I digress, Janet always recognized my voice and lite up like a beacon whenever she heard my voice. She did that for her entire life, we had a bond of love that for me has never been unequaled in its depth of pure love. It was from her I learned the meaning of acceptance – not only of her but myself by myself first- the meaning of unconditional love, something like the unconditional love you have for your children, the joy of life without any encumbrances, where one is dependent on others for almost everything She was dependent on me for her physical well being, I was dependent of her for my mental well being .
Janet and I had a bond where I knew what was going on with her, in my heart, even while she was physically miles away from me. I would show up where she was when she needed me even if the hospital or where ever couldn’t reach me by phone. I even knew she had died 15 minutes before Marie and I got to the hospital on the day she died and said in my heart to her “Hold on we are almost there”.

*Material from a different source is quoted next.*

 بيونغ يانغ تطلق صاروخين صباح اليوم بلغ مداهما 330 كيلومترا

I know some of this might sound a bit strange, but it is still part of who she is to me today. People out of love and respect to Marie and I at her funeral said very kind things, no one realized that for Marie and I she would always be with us – never gone and we were not sad or lost
My being part of her life to see how she changed everyone around her by her love and expressions of joy, is something that opened my heart to the chance for me to change and grow from what i was as you know me to what I am today. God was gentle enough for me to let me have her for 48 years. This may not mean anything to you in a black and white world, but it means everything to me in my life of who I am today.

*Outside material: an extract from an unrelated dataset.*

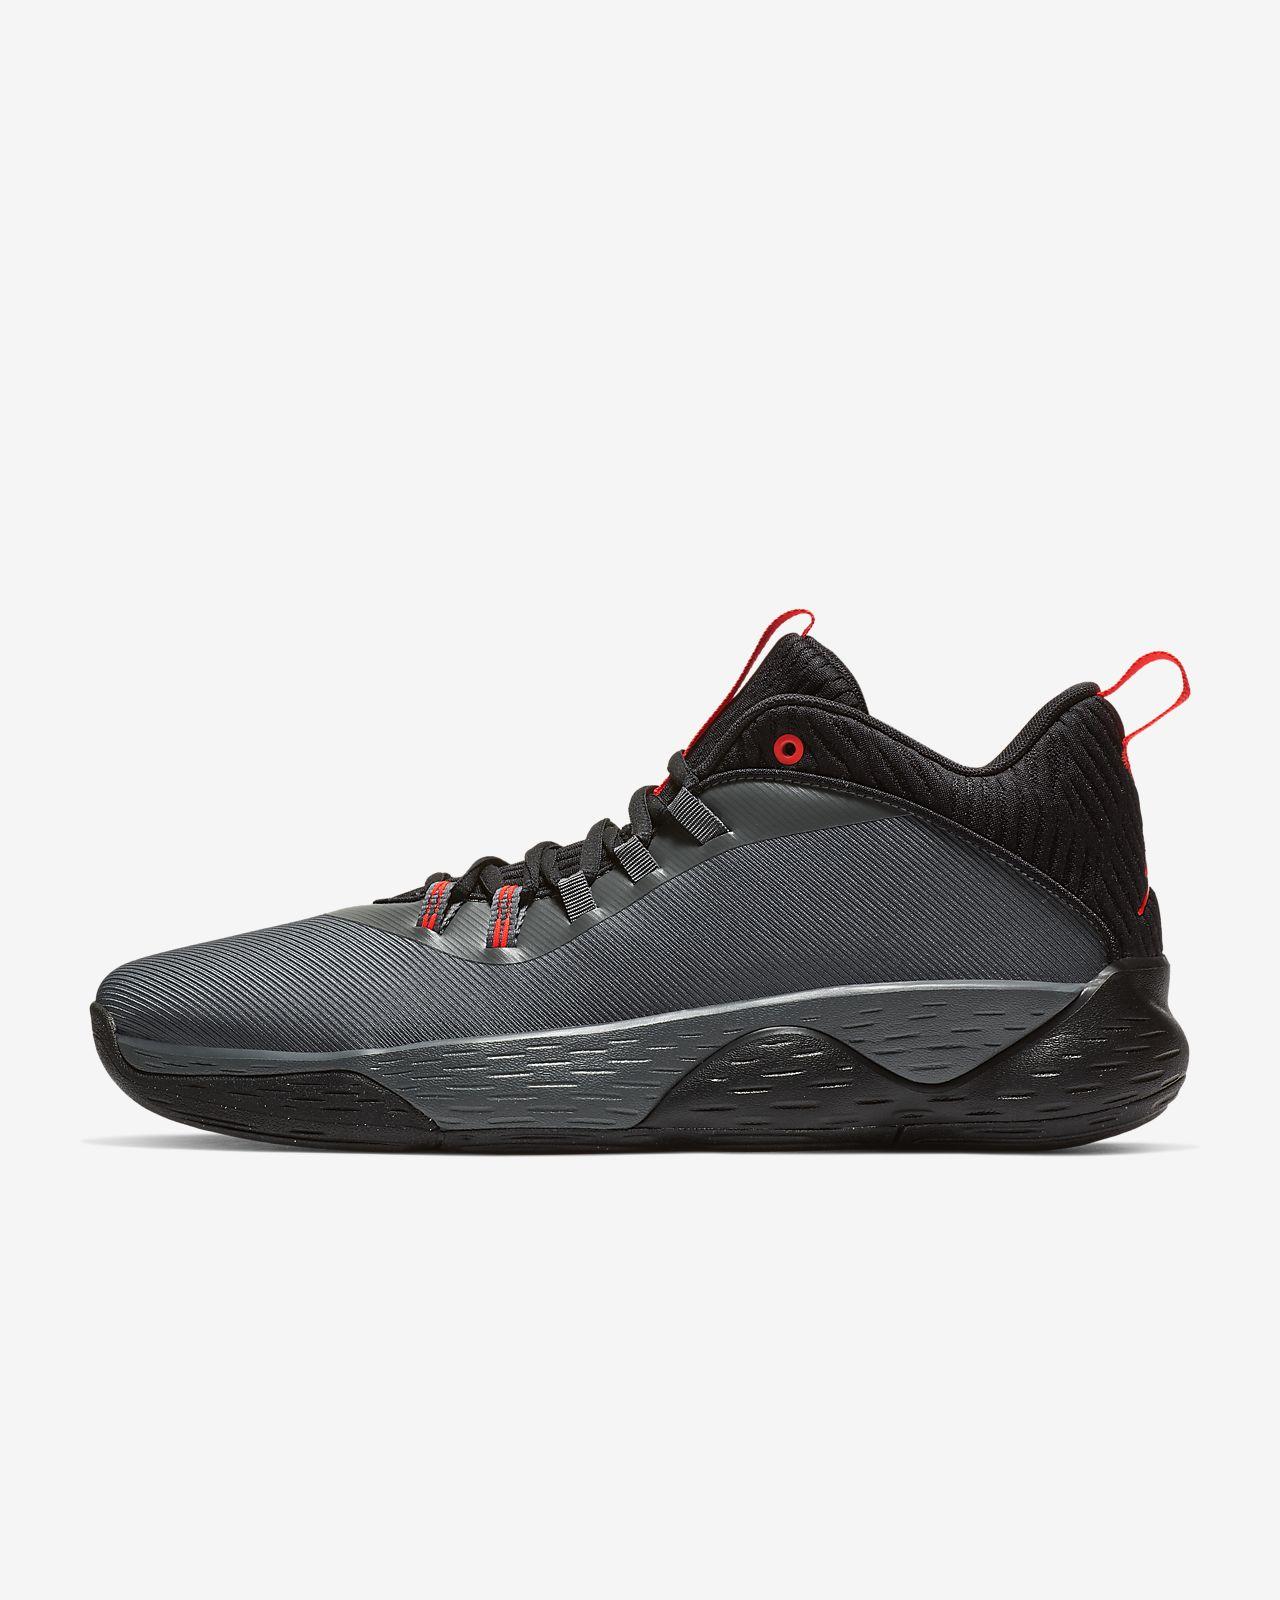 Pánská basketbalová bota Jordan Super.Fly MVP Low

We have a memorial to her here inside our home still today.
My reply dated: 10/25/2014
I am trying to calm down …
I don’t struggle with the way you write, I struggle with the way you think …

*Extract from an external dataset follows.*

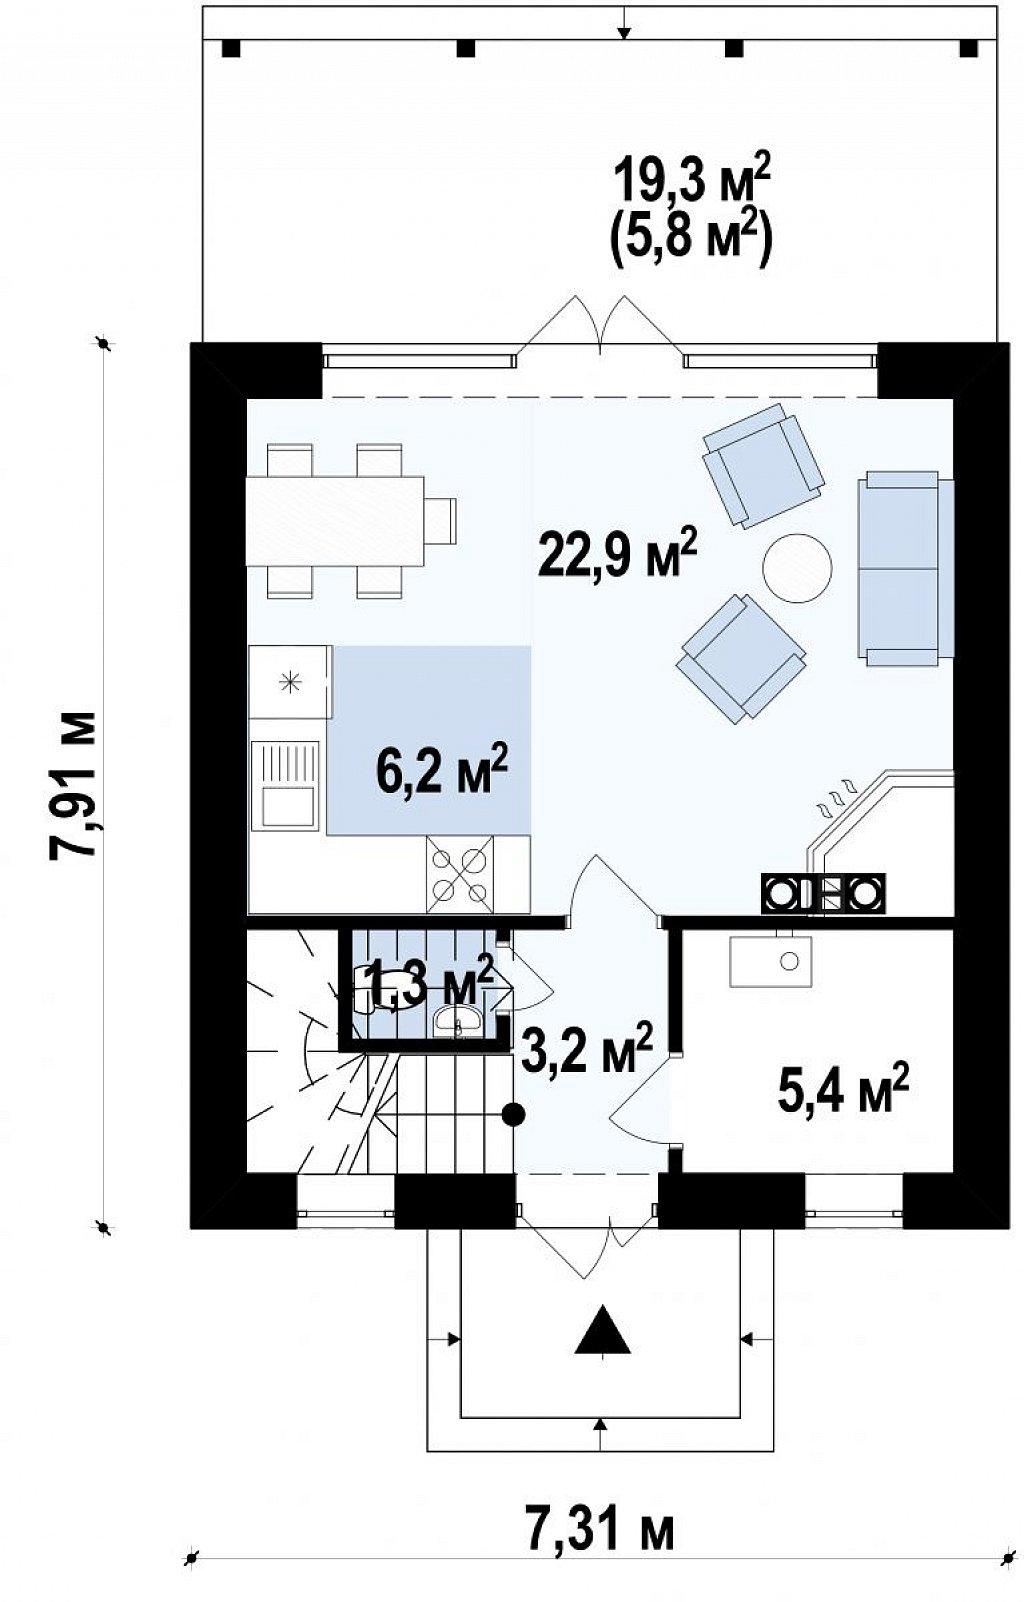 Небольшой мансардный дом с верандой, подойдет для строительства на узком участке. план помещений 1

Yes, I’m brutally honest. I have to be. Had to be to get well.
You are not Jean Valjean – not even close. Les Miserable is our favorite production, we’ve seen it all over the world – in many different languages even. Can sing every word, read the book and the script – (my son’s real name) in the original French. It disgusts me to hear you compare yourself to Jean Valjean. Did you know Victor Hugo was excommunicated for writing that character … ? Perhaps if you’d read the book you’d understand a bit better what you are saying.
Your love for Janet is a wonderful thing, the best of you, always. But a more fitting tribute to her than your words would have been in loving and caring for Elizabeth and I in the same way. Had she not had the deficits she did, you’d have treated her no differently than Elizabeth and I, and she’d be in our shoes today …
I will never forget the day we left her. NEVER, EVER. I was heartbroken. And I was scared to death …. I didn’t understand why you didn’t just beat her – she had been bad, so just beat her and take her home. You didn’t leave us, Pat did that. I was confused and traumatized and literally terrified of what would happen to her there — it had to be worse than a beating or we wouldn’t be there.
This is what was going on inside me while you were worrying about ONLY yourself and how you were feeling. I don’t struggle with the way you write, Ed. I struggle with what you say. And Feel. And how you think.
You were utterly despicable, a terrible father … and whatever you have become, you still will not face my feelings or the things you have done.
When you can do that, when you are ready to do that, please let me know.